CAPÍTULO 60

El Sacro Imperio Romano Germánico

El título de emperador se transmitió de padres a hijos entre los sucesores de Carlomagno (Francia siempre rectora de Europa), pero la dinastía carolingia duró poco más de un siglo (751-924) y el imperio se fragmentó en principados feudales (Flandes, Borgoña, Aquitania…).

El título imperial cayó en desuso hasta el año 962, en que otro papa se lo concedió a Otón I, de la casa real de Sajonia, vencedor de los bárbaros (húngaros y eslavos, como Carlos Martel venció a los musulmanes).

Así fue como el imperio, que en un principio recaía en Francia, se desplazó hacia Alemania.

Bajo la nueva gerencia, el imperio se denominó Sacro Imperio Romano Germánico.[263] Esta vez duraría un milenio y abarcaría, en sus mejores tiempos, todo el centro de Europa (Alemania, Austria, Suiza, Liechtenstein, Bélgica, Países Bajos, Luxemburgo, República Checa y Eslovenia, este de Francia, norte de Italia y oeste de Polonia).

¿Y el resto de Europa? En el resto, fuera de la sombra del imperio crecieron y se robustecieron las monarquías nacionales (España, Francia, Inglaterra…).

Queda dicho que la secreta intención del papado al resucitar el imperio difunto fue la de servirse del emperador como de un guardia de la porra para imponer su voluntad a la cristiandad. No obstante, algunos emperadores salieron respondones y se enfrentaron al papa.[264] Veamos la movida.

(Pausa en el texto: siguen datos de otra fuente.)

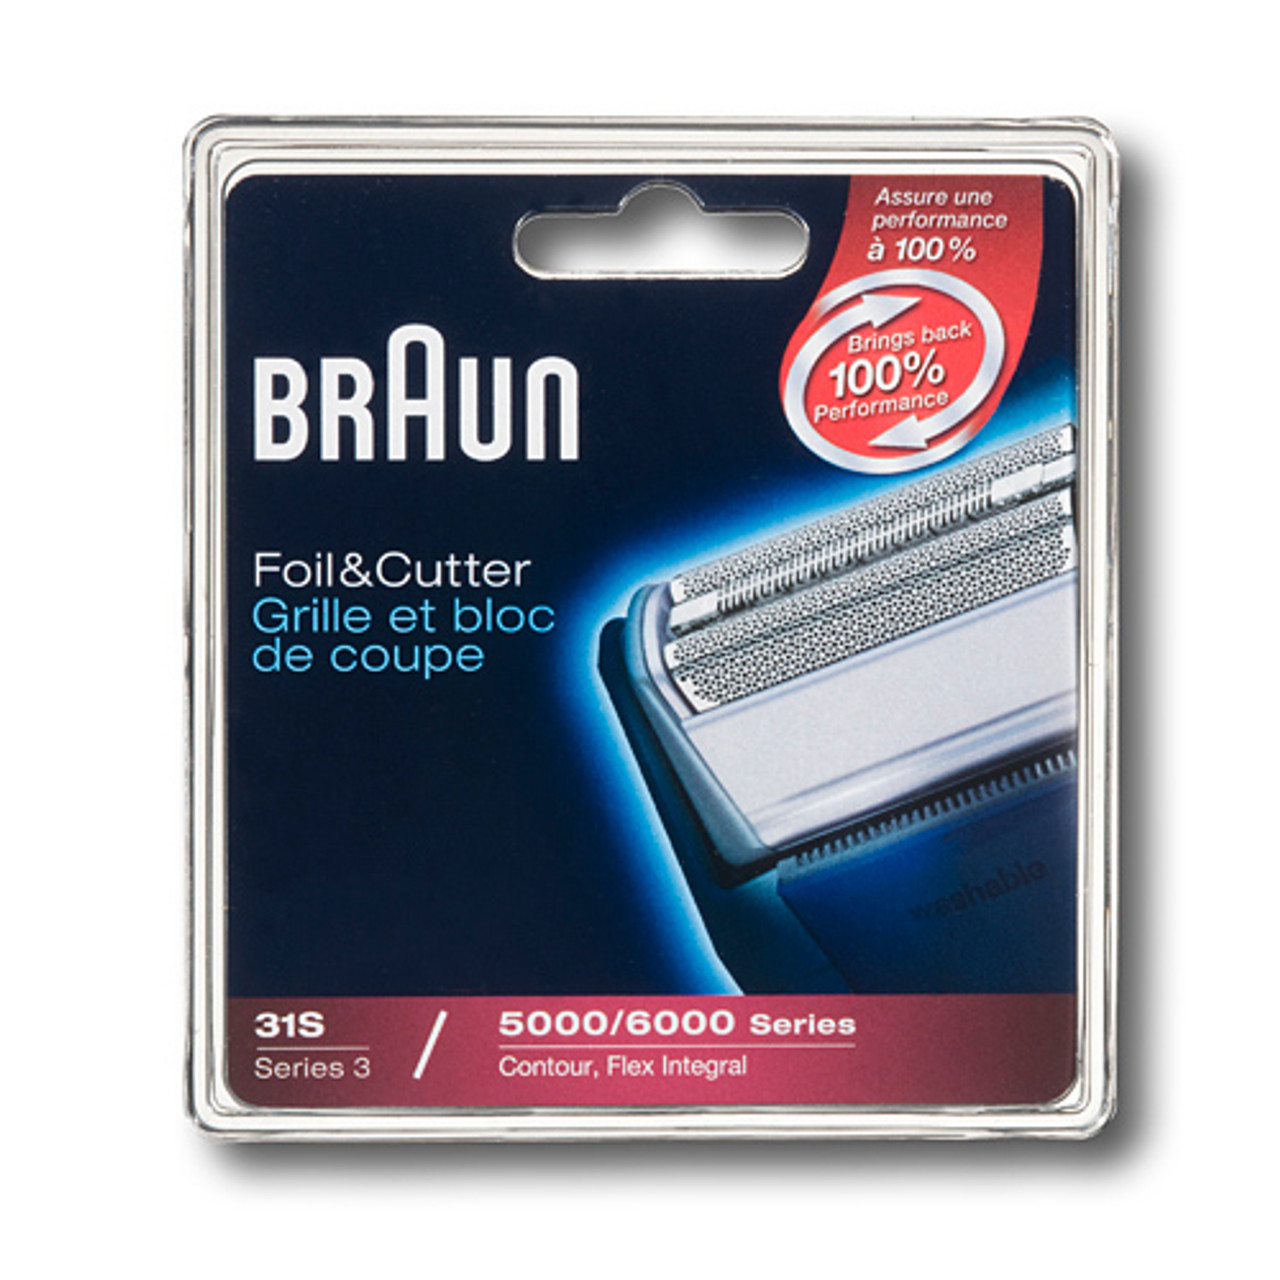 Buy Braun Replacement Blades, Foils, 6000 Series

En el siglo XI, los emperadores se habían tomado tan a pecho la idea de que lo eran por designación divina (cesaropapismo) que dieron en consagrar obispos y dignatarios eclesiásticos como si el papa no pintara nada (no les importaba que los designados, a menudo hijos menores de nobles, estuvieran casados, que ignoraran la doctrina cristiana y que no supieran ni decir misa).

Gregorio VII, un monje cluniacense de fuerte carácter ascendido a pontífice, se propuso recuperar el terreno perdido y publicó un Dictatus Papae en el que advertía que «el papa es señor supremo del mundo, al que todos le deben sometimiento incluidos los príncipes, los reyes y el propio emperador», o sea la teocracia pontificia.

El emperador Enrique IV hizo caso omiso y continuó con sus nombramientos, lo que provocó el rifirrafe denominado «Querella de las Investiduras».[265] Al final, ante el temor de perder los respectivos pesebres, firmaron el Concordato de Worms (1122), que reservaba al papa la facultad de designar a los obispos y dejaba al emperador los asuntos temporales.

La competencia entre emperador y papa por el Dominium Mundi («dominio del mundo») se prolonga a lo largo de los siglos XII y XIII. En Alemania e Italia surgieron dos partidos: los güelfos, partidarios del papa, y los gibelinos, partidarios del emperador. En los castillos se construían almenas güelfas (rectas) o gibelinas (en cola de golondrina) según la obediencia del señor.

Con el tiempo, el emperador fue perdiendo autoridad, especialmente cuando sus decisiones se sometieron a la aprobación de un parlamento, la Dieta, integrada por príncipes de los Estados imperiales y por representantes de las ciudades libres. Los miembros de la Dieta eran, al propio tiempo, electores de cada nuevo emperador.[266]

A partir del siglo XV, el título imperial se transformó en hereditario de los duques de Austria, la dinastía de los Habsburgo, y se deterioró tanto que acabó siendo «ni sacro, ni romano, ni imperio» (Voltaire), pero, como la sangre azul es tan vanidosa, lo mantuvieron sobre el papel hasta que Napoleón lo disolvió en 1806.